THE ROOSTERZ、84年の『φ(PHY)』

バンド創設者でフロントマンの大江のラスト作。

昨日のロキシー・ミュージックからの流れで・・・。

当時、エコバニとかからの影響云々言われてたけど、どっちかつうとロキシー(特に後期)っぽいような気がする。

半数の曲で作詞を担当した彼らの師匠的存在だったとも言える柴山俊之も花田も好きだったみたいだもんね、ロキシー。

この後、思い出したけど、ロキシーには「SETIMENTAL FOOL」って曲あったし、このアルバムの頃のインタビューで花田は「『VENUS』は菅原洋一に唄って欲しい。あの人は日本のブライアン・フェリーでしょ(笑)」なんて言ってたし、『RIFF ROUGH』の頃、ラジオ出た時に、ロキシーの曲かけてたりもしてて、間違いないと思うな。

勿論、バンドとしてサイコーによかったのはオリジナルメンバーの時期だったと思うし、この後の花田-下山体制の時期も素晴らしいと思うけど、作品としてはコレが一番好き。

池畑、井上の順に抜けて、ベースには柞山が加入してたにも関わらずレコーディングでは下山が弾いたり、ここまで、殆どの曲を手がけてきたリーダーの大江が作詞作曲に携わったのが10曲中、わずか3曲だったりと、片翼飛行的な状態だったのに作品のクォリティーは怖ろしく高い。

前々作の『DIS』から加入した下山が馴染んで、花田との協力体制がばっちりだったんだろうね。
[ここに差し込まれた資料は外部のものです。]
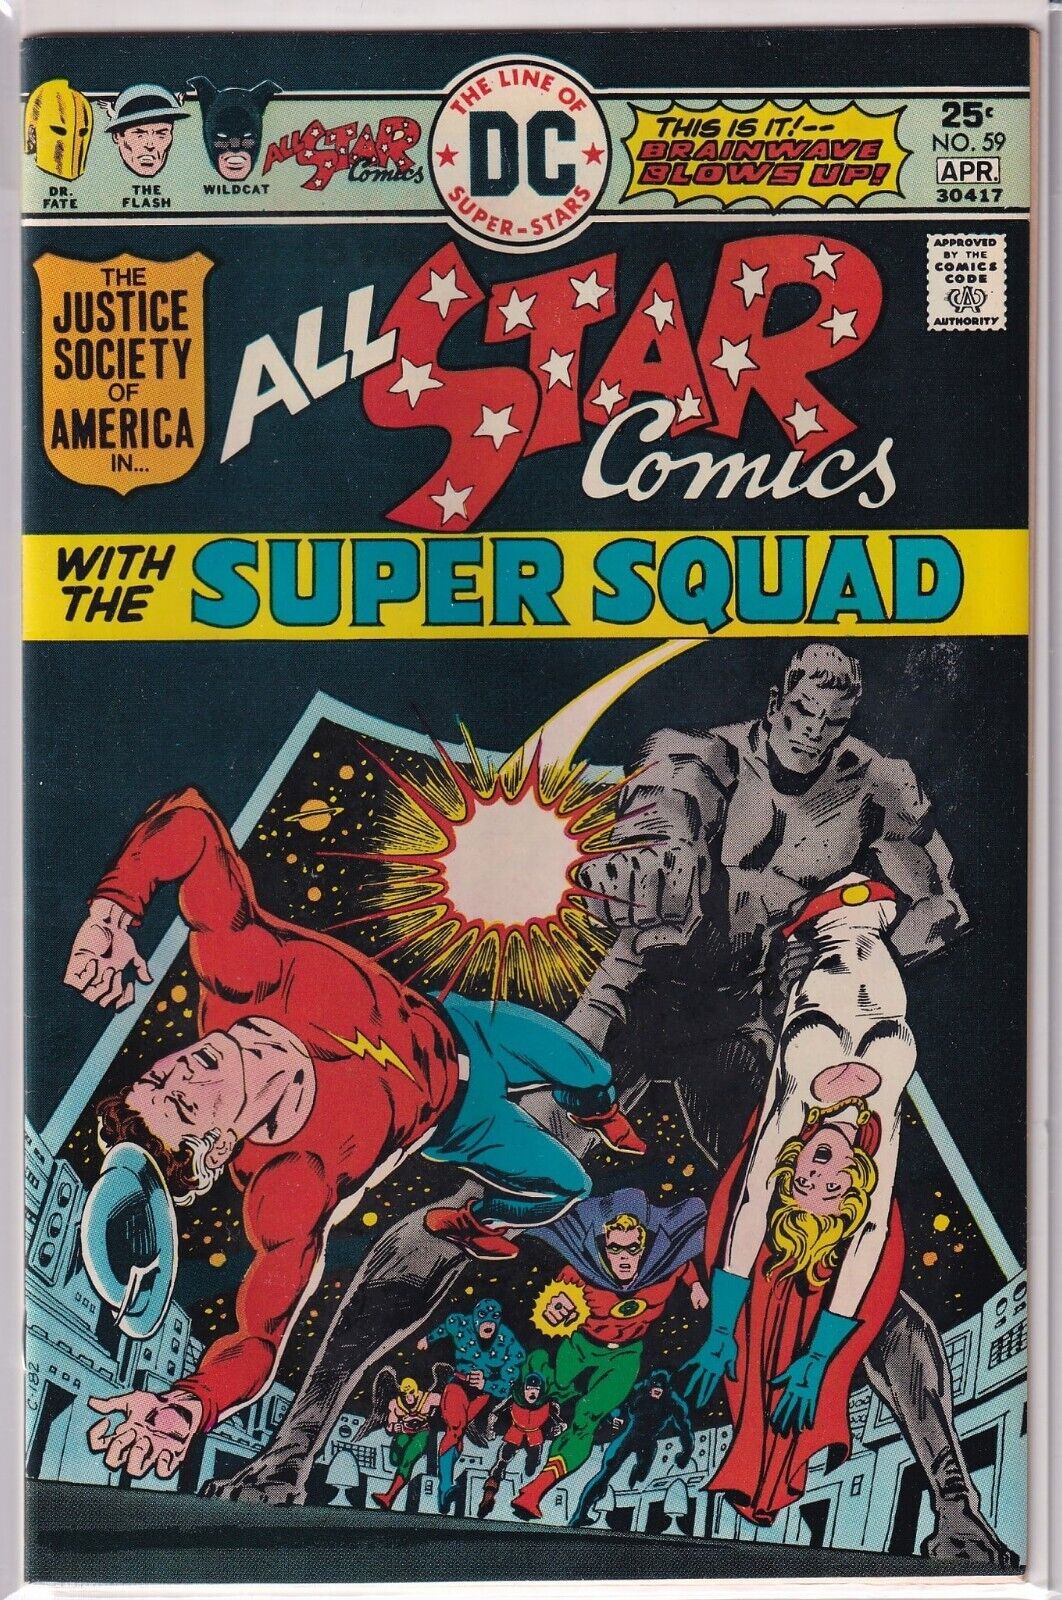 36863: DC Comics ALL STAR COMICS #59 VF Grade

2人のギターがサイコー。まるでトム・ヴァーラインとリチャード・ロイドのよう。勿論、同じことやってるっていうんじゃなく、絡みの密度の濃さが。

下山よりひと足先に参加したキーボードの安藤の存在も大きい。この透明感への貢献は大だろう。

そして柴山の歌詞ね。相変わらず、字面で追うと気恥ずかしくなるような歌詞だけど、いい、とても。

大江のヴォーカルは1stの頃とは別人のようで不安定極まりないけど、これしかないだろ?!ってカンジ。コレ聴いて「唄が下手だ」とか言う人ははっきり言って何も判ってない。そういう人とは音楽の話は出来ない、俺は。
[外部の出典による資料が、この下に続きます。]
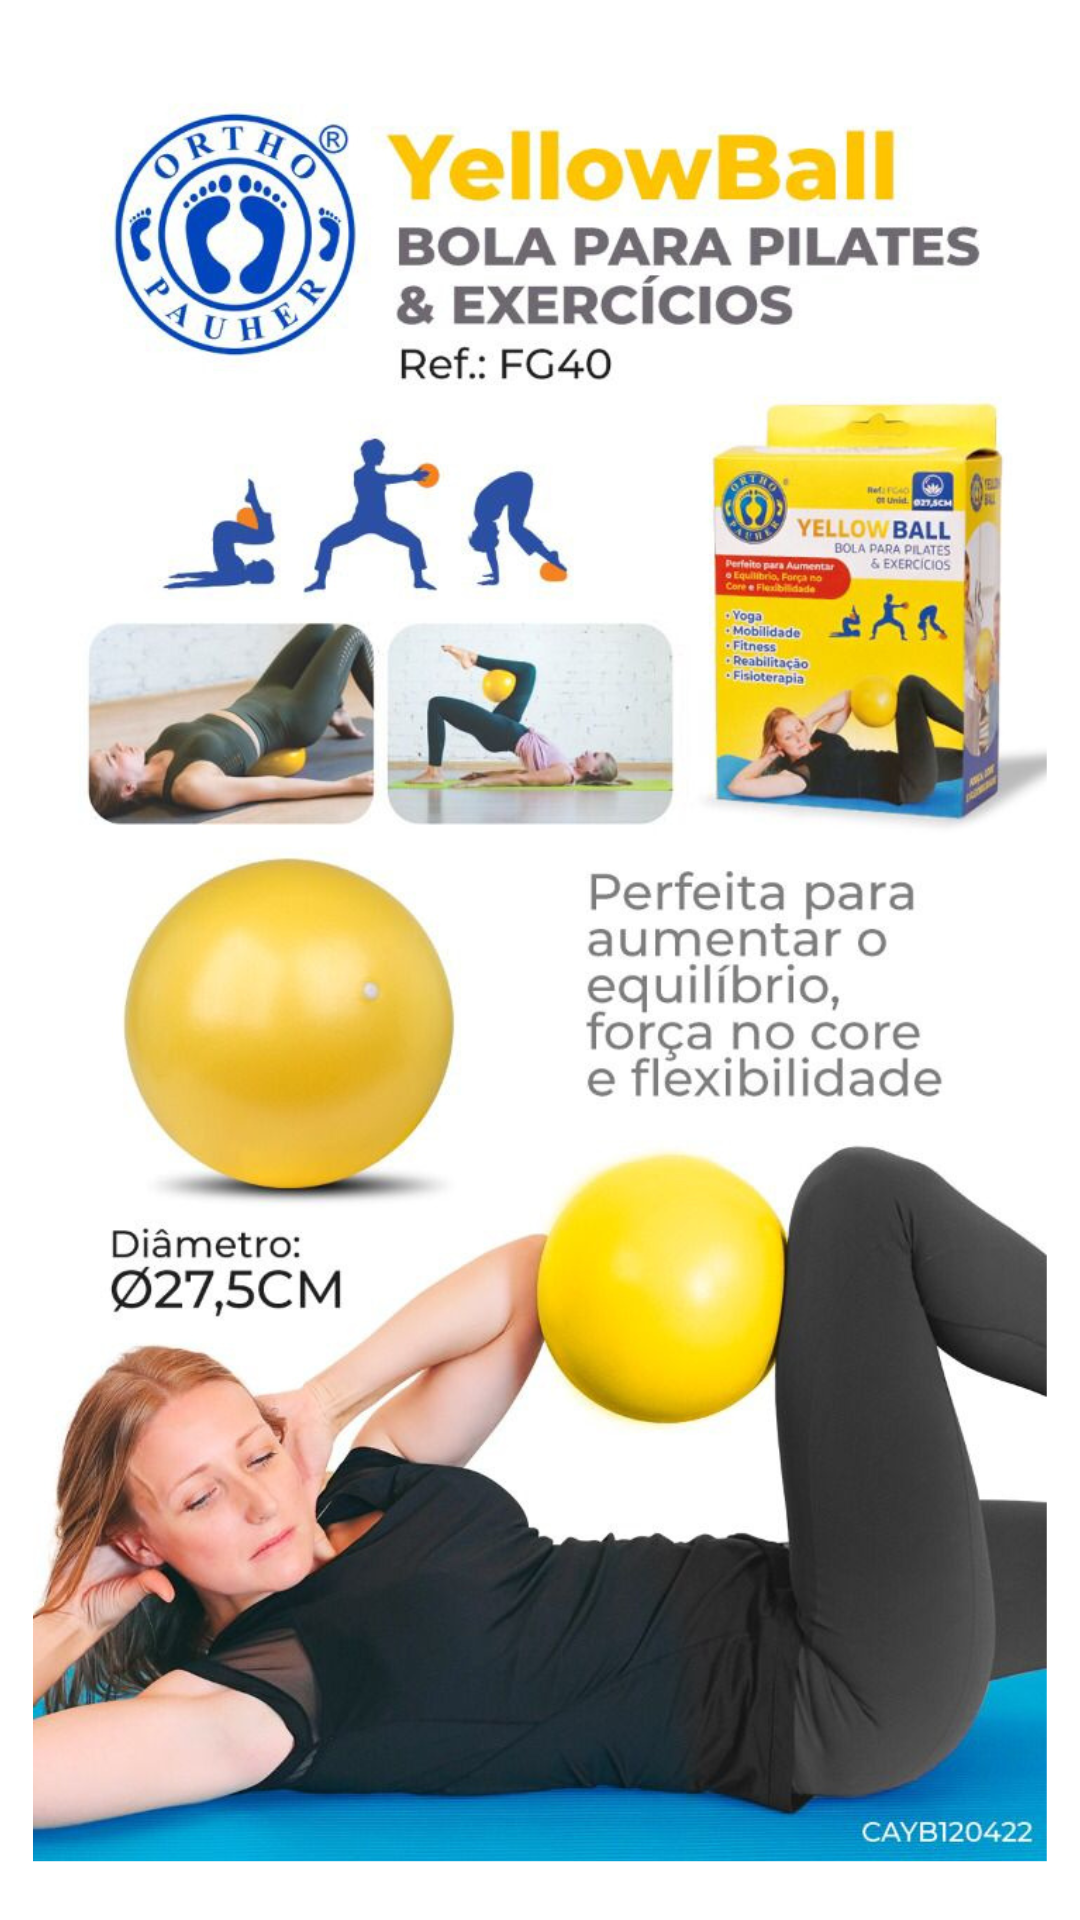 Yellow Ball - Bola para Pilates e Exercícios - Vital Solution

それにしても、デビューからたった4年でここまで来たってスゴイよなぁ。ものスゴイ勢いで駆け抜けたんだね。

VENUS / THE ROOSTERZ

冒頭に収録の大名曲。柴山-花田作。あまりにも美しい。

THE ROOSTERZ / COME ON

2曲目に入ってる、このアルバム中、唯一の大江作詞作曲作。この曲だけ、ハードで質感違うのが興味深い。でもカッコイイ。

THE ROOSTERZ / DOWN DOWN

3曲目の花田ヴォーカル曲。このアンニュイ感がいいなぁ(笑)キーボードの単調なフレーズが耳にこびり付く。低音でハーモニー付けてるのは柴山なんだろうな。
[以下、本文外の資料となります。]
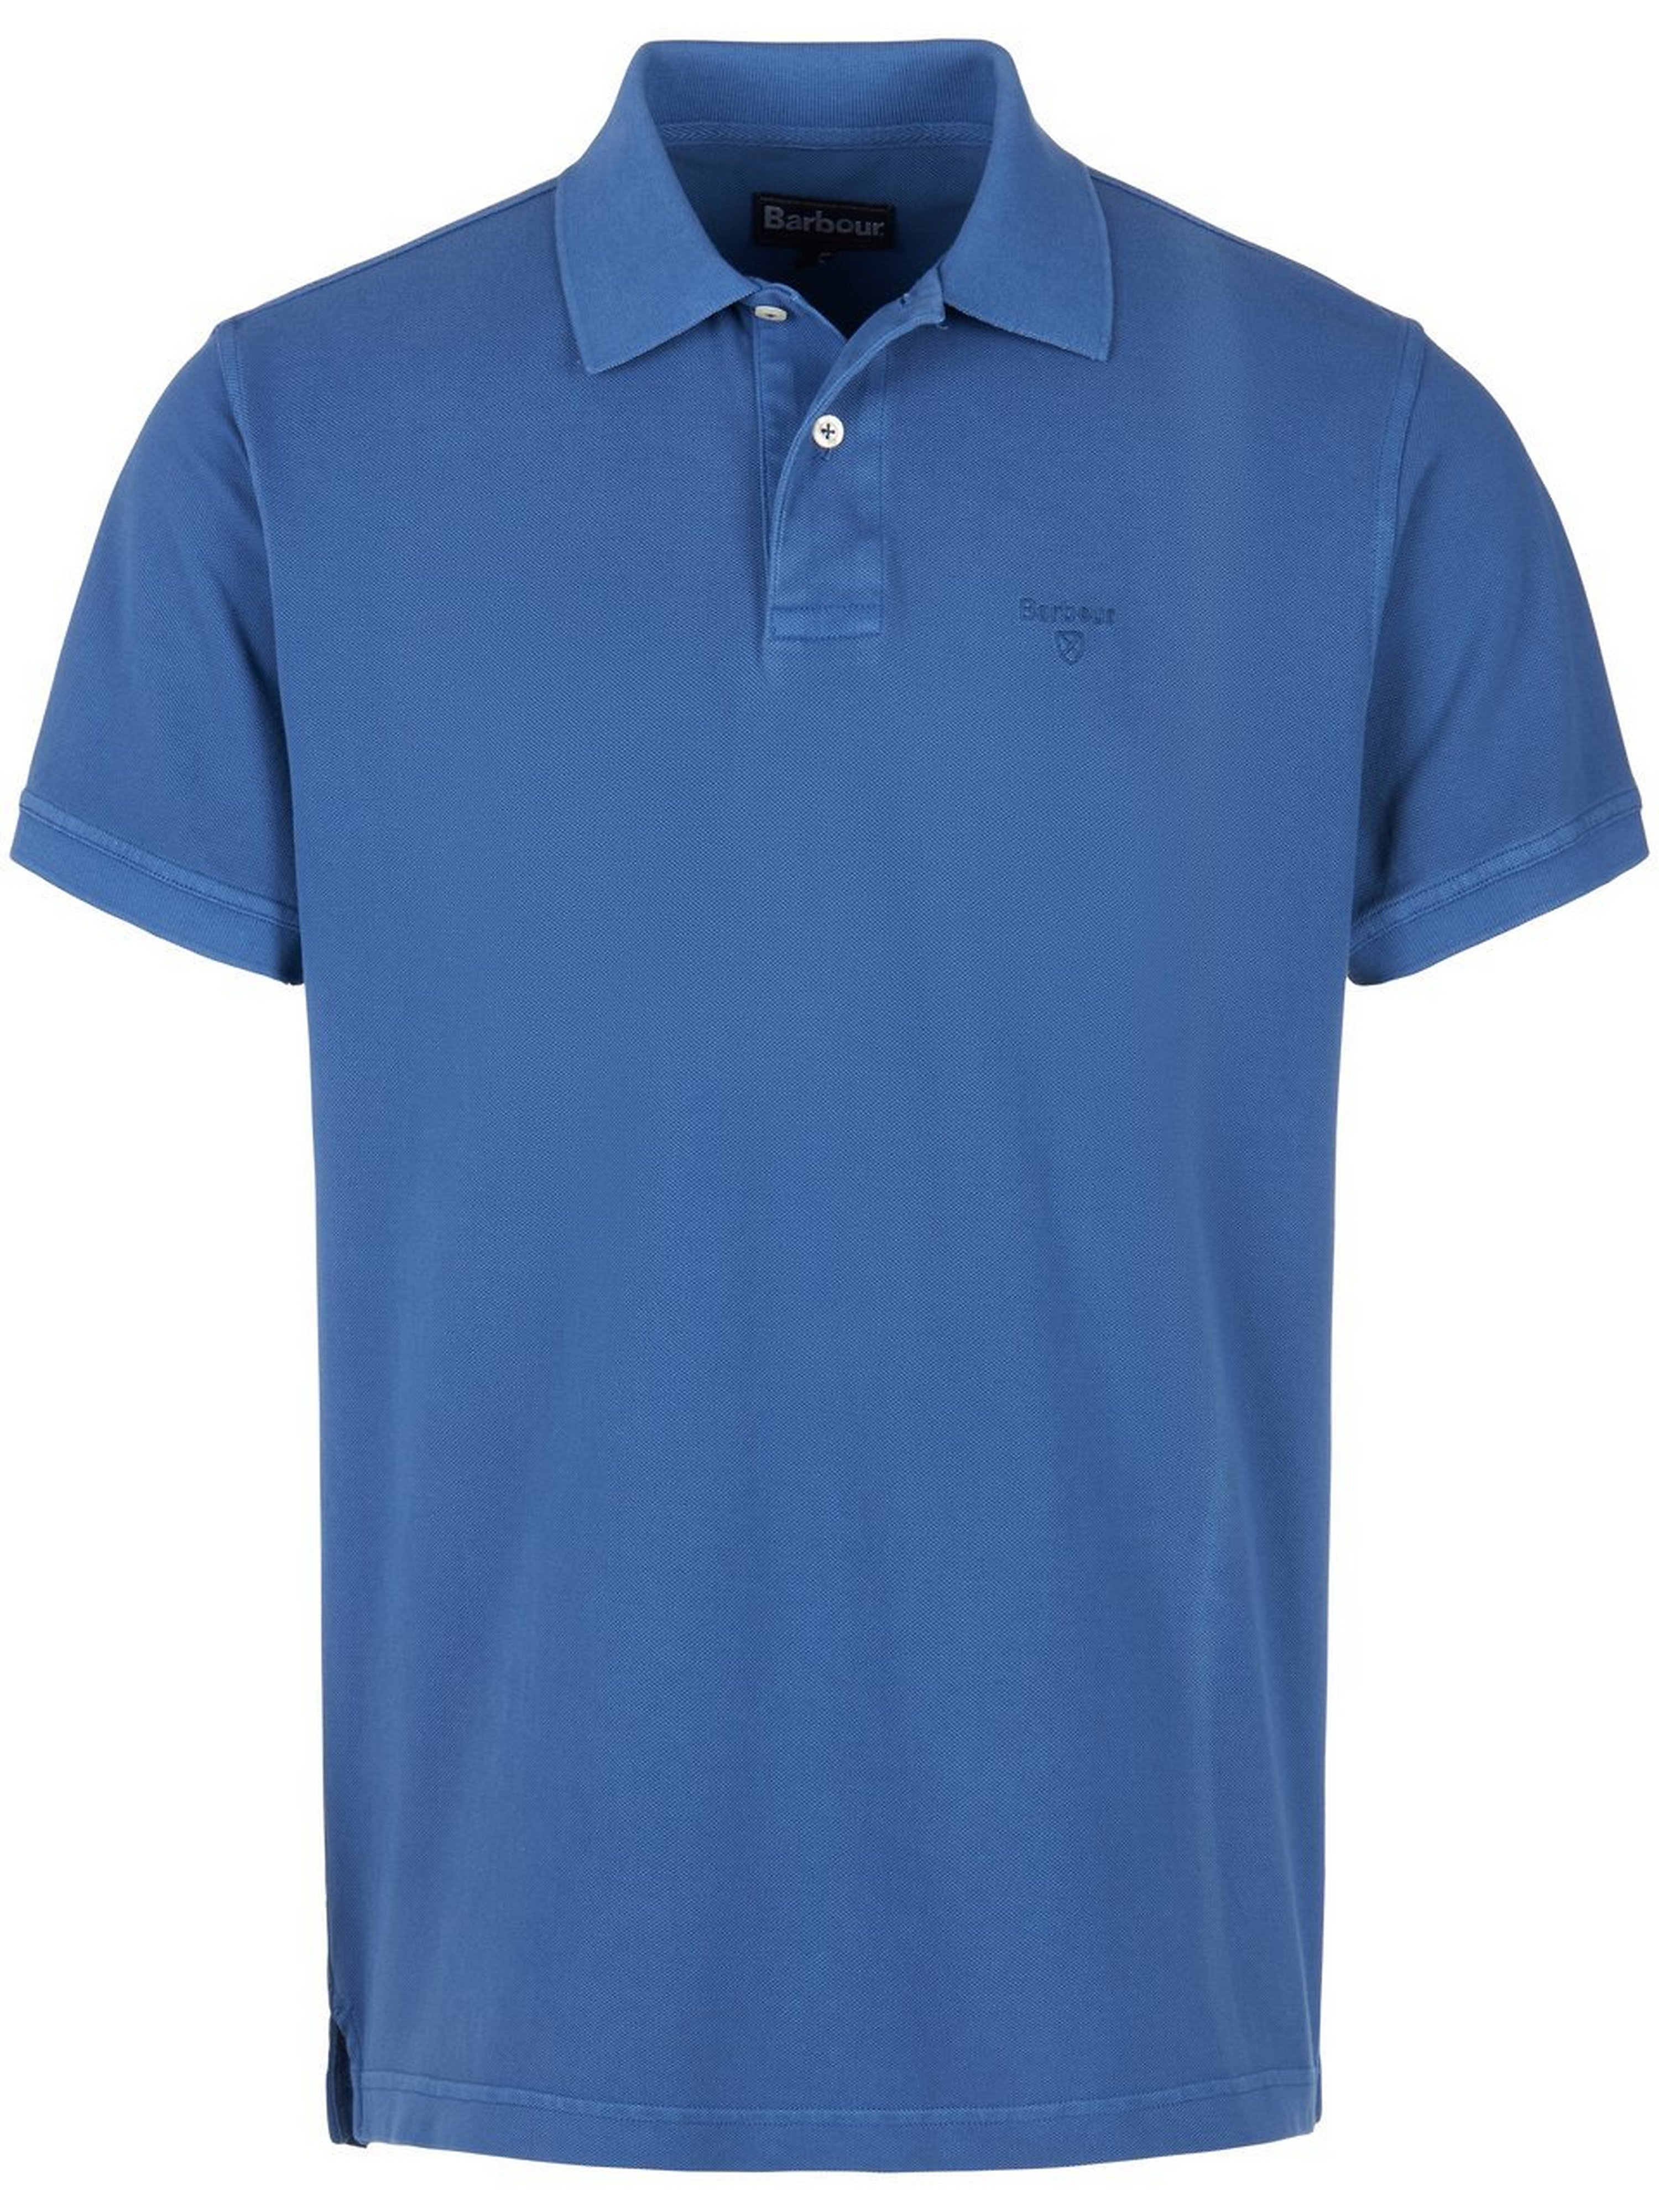 Poloshirt Van Barbour blauw

THE ROOSTERZ  / STREET IN THE DARKNESS

俺のNo,1フェイバリット。ほら、俺、暗いからさ(笑)♪夜より暗い 昼間の街角 誰か生き方 教えておくれ♪サイコーだね(笑)

THE ROOSTERZ / LAST SOUL

大江の歌詞。曲は下山。大江の最後のメッセージ。

Music From Original Motion Picture "PUNISHMENT" / THE ROOSTERZ

最後に入ってる、花田&下山共作のインスト。“PUNISHMENT”ってのがいいね。この憂鬱そうな気だるさがたまらない。

04年のフジロックでの、オリジナル・メンバー復活(俺も観た!)、昨年、今年と続いたラスト・メンバーの復活と来たら、この時期のメンバーでも復活して欲しいと思うのは俺だけだろうか?

このアルバムの曲とか「GOOD DREAMS」とか「SAD SONG」とか聴きたい、また。